The Big Bend Minority Chamber of Commerce kicked off its Fall Women Veteran Entrepreneur workshops at the Workforce Development Center on Tallahassee Community College’s campus.

There was an imperative focus on launching and improving veteran-owned businesses that are owned by women. Spectators heard testimonials on the importance of networking with one another. Besides motivating the audience to keep pursuing their dream, keynote speakers spoke volumes about the importance of building relationships.

“Today I wanted to get more of an insight on marketing my business and expanding my target audience,” Annie Bryant said. Bryant served in the United States Army for four years and served two years in the Reserves. As part owner of Divinely Connected Graphic Solutions, Bryant says that she heard about the workshops from a friend and wanted to learn more. “This is my first time at a seminar like this and I really appreciate the information that was given out today, very helpful,” she added.

The event was highlighted with a presentation by Army veteran and business owner Wanda Harris. Harris, founder and CEO of the company edifyMe, specializes in empowering and educating veteran women business owners. Harris talked to spectators for about 20 minutes chronicling her life in the military and what lead her to owning her own business.

“My inspiration came from a military veteran who appeared on Dancing With the Stars. His story touched me in an unimaginable way and I felt as if I had a bigger purpose in life than just being ex-military,” Harris said. Harris now serves as a mentor to many women who want to pursue the same career goals.
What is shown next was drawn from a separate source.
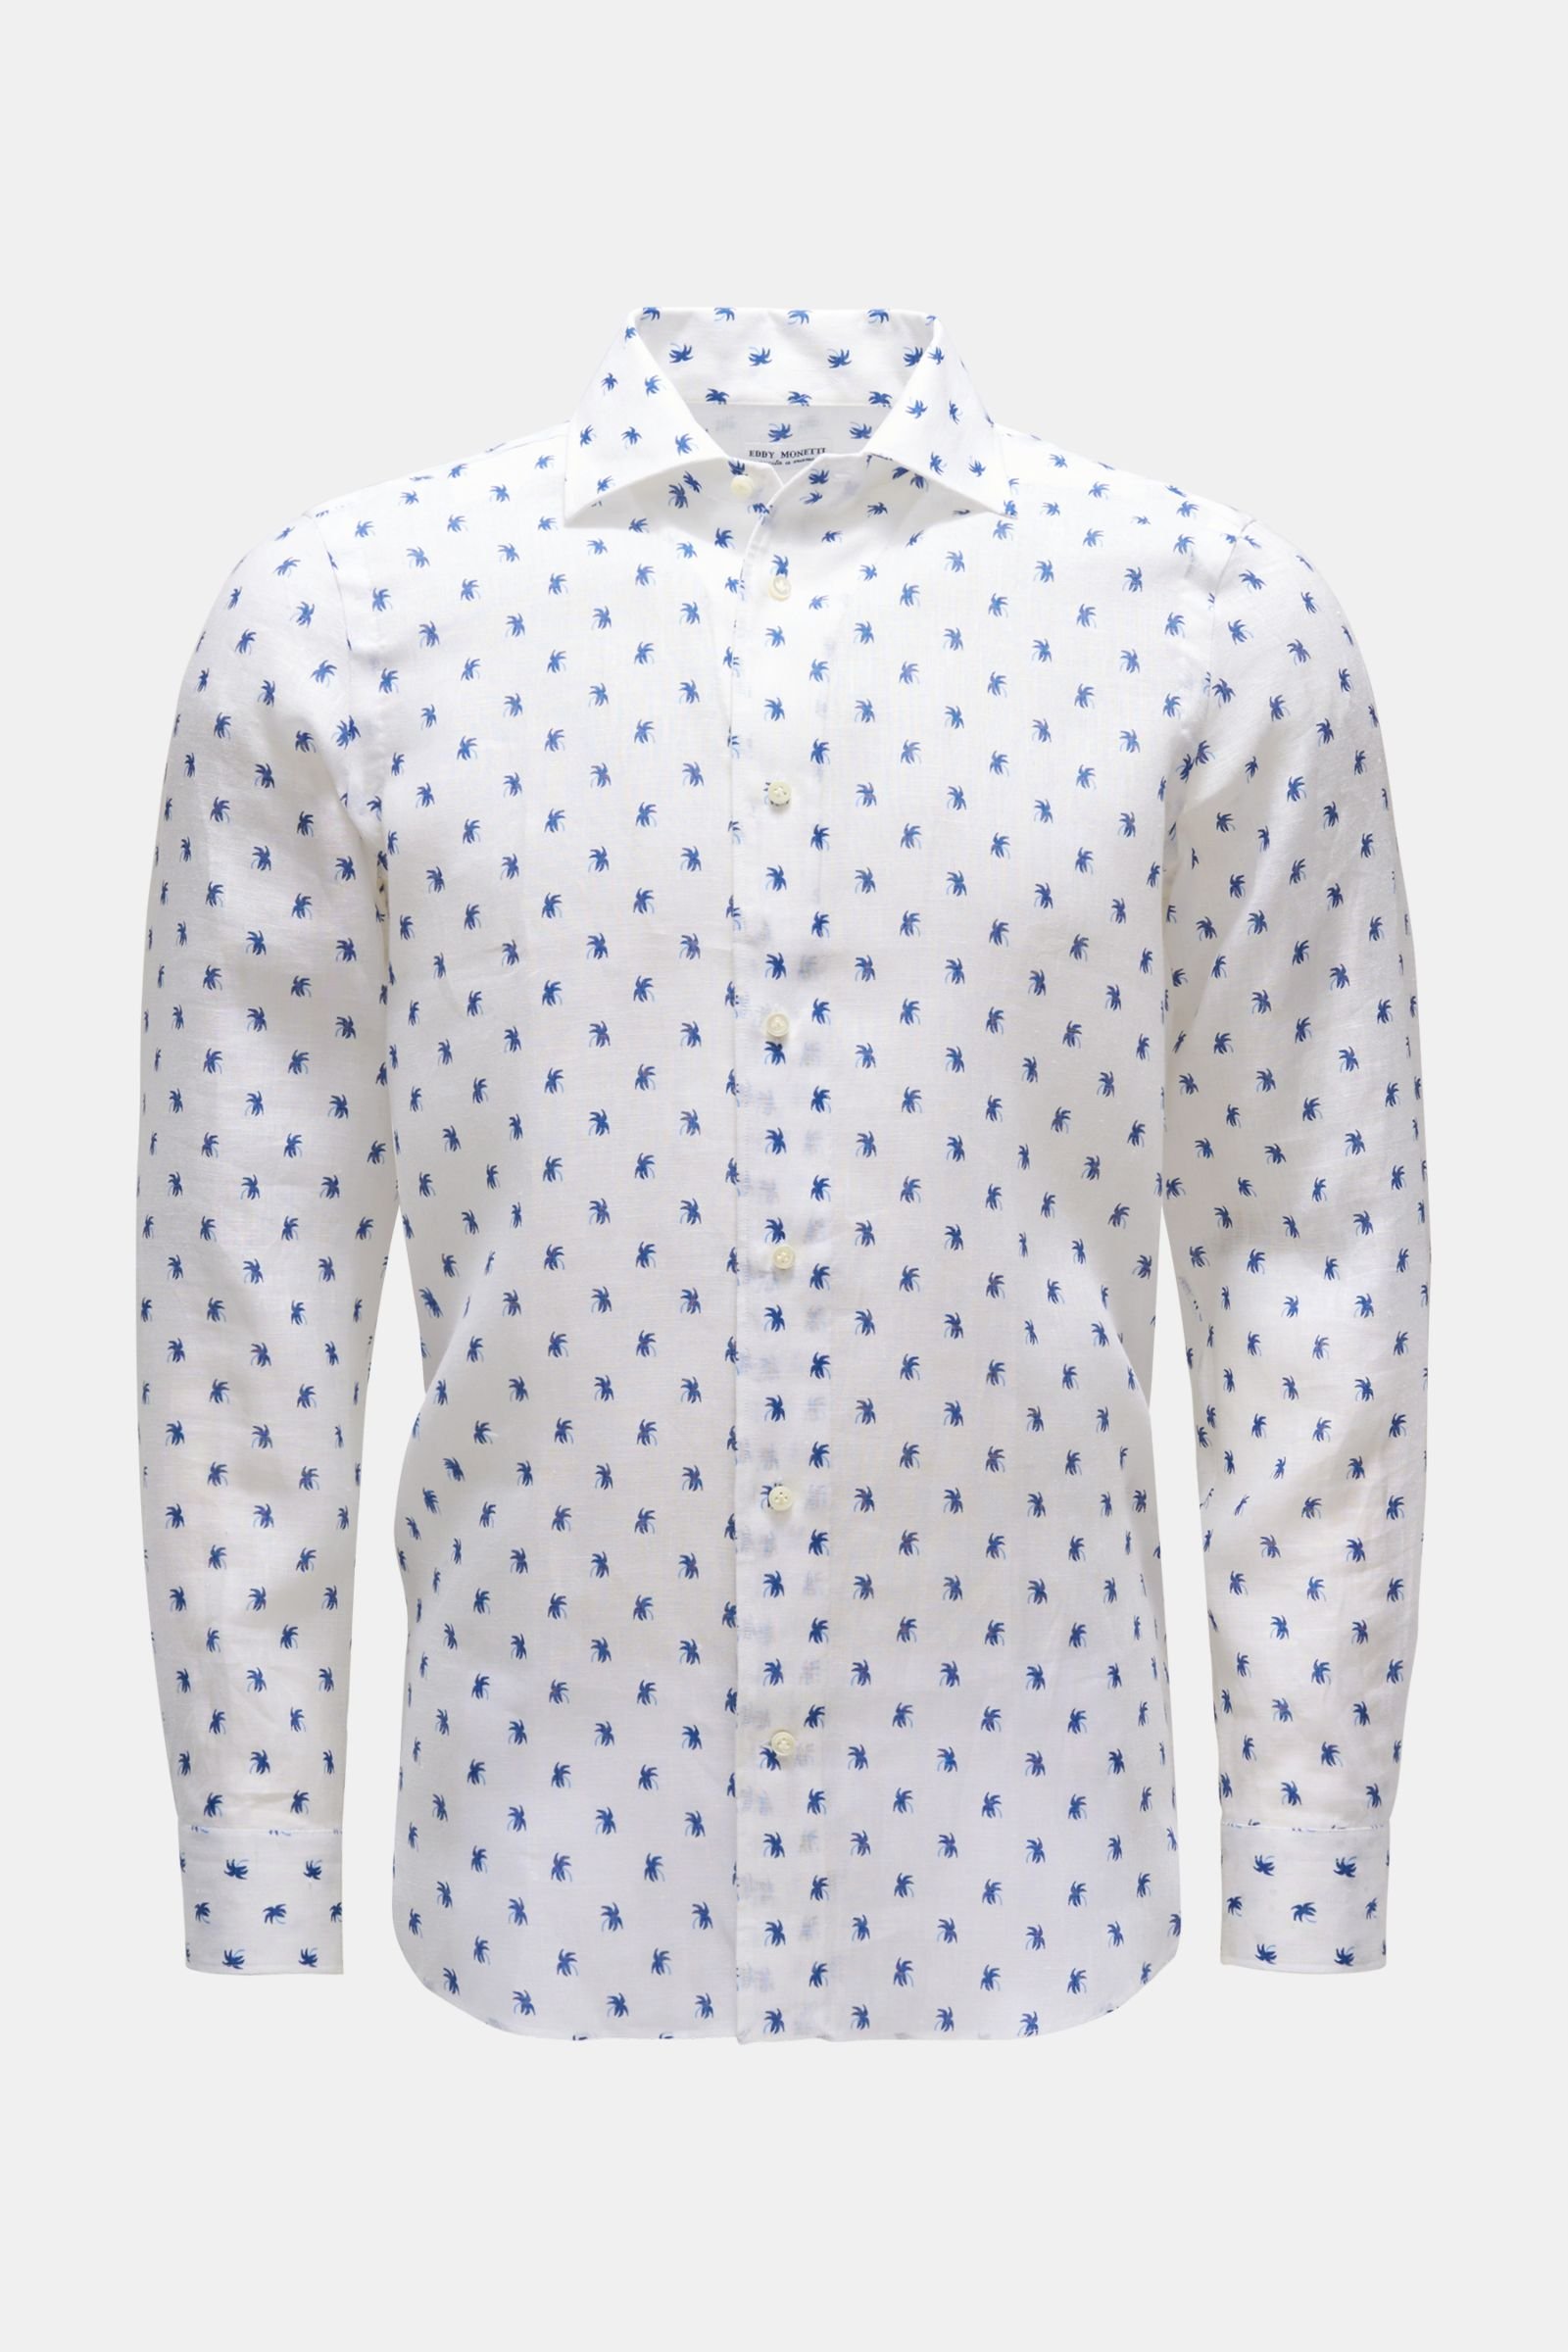 Linen shirt Kent collar white/navy patterned

Although the event focused on women veterans, spectators with no military experience were also in attendance. Sybol Corker, a 35-year old native of Thomasville, Ga., said that this was her second time attending a seminar with the same agenda.

“I really came here for more tips on opening a business as well as some much needed motivation,” Corker said. She plans on opening a cosmetology school by 2017.

According to the Big Bend Minority Chamber of Commerce, women veterans are one of the rapidly growing populations in the United States. Florida has close to 160,000 women veterans.

Vendors at the event included Career Source Capital Regional, The U.S. Small Business Administration, Florida State University Student Veteran Center and The Collegiate Veterans Association at Florida State University. The event is the first of four events that will last through the month of November.